- _What to work on_
Lines below that include the word "Ideas" should each be copied.

(Stored items from a collection)
-=-=-=-=-
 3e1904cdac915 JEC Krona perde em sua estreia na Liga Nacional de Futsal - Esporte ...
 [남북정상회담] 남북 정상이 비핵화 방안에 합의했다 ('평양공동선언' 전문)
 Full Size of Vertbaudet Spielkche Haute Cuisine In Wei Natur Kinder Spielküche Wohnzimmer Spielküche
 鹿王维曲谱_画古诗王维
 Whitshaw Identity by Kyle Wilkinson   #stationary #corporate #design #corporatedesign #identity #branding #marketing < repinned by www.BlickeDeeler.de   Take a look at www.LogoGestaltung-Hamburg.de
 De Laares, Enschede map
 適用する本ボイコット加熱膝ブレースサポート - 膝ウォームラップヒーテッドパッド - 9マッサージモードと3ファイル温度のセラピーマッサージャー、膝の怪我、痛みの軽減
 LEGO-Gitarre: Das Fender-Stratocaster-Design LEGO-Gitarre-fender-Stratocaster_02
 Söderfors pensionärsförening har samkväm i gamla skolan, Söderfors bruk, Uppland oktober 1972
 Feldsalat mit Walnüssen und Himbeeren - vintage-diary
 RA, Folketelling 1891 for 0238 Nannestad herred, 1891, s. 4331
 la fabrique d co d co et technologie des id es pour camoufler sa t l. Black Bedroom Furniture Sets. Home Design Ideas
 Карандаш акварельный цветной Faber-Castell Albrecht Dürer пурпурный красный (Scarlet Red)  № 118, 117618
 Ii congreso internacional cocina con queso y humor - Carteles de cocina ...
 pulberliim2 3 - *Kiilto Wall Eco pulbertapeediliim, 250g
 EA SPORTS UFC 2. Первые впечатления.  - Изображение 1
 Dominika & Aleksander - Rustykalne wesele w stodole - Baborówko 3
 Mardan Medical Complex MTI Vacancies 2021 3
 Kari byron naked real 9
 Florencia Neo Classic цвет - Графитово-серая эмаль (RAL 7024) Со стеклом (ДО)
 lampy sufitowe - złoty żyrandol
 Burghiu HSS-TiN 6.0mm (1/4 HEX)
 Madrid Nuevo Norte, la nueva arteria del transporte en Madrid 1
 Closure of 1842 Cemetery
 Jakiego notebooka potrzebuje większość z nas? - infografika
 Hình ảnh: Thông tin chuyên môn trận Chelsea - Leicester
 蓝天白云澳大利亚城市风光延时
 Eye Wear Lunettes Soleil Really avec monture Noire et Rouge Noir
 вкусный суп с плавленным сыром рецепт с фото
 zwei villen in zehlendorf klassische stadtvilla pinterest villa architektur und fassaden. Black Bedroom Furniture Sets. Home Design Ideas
-=-=-=-=-
- _Solved problem_
 la fabrique d co d co et technologie des id es pour camoufler sa t l. Black Bedroom Furniture Sets. Home Design Ideas
 zwei villen in zehlendorf klassische stadtvilla pinterest villa architektur und fassaden. Black Bedroom Furniture Sets. Home Design Ideas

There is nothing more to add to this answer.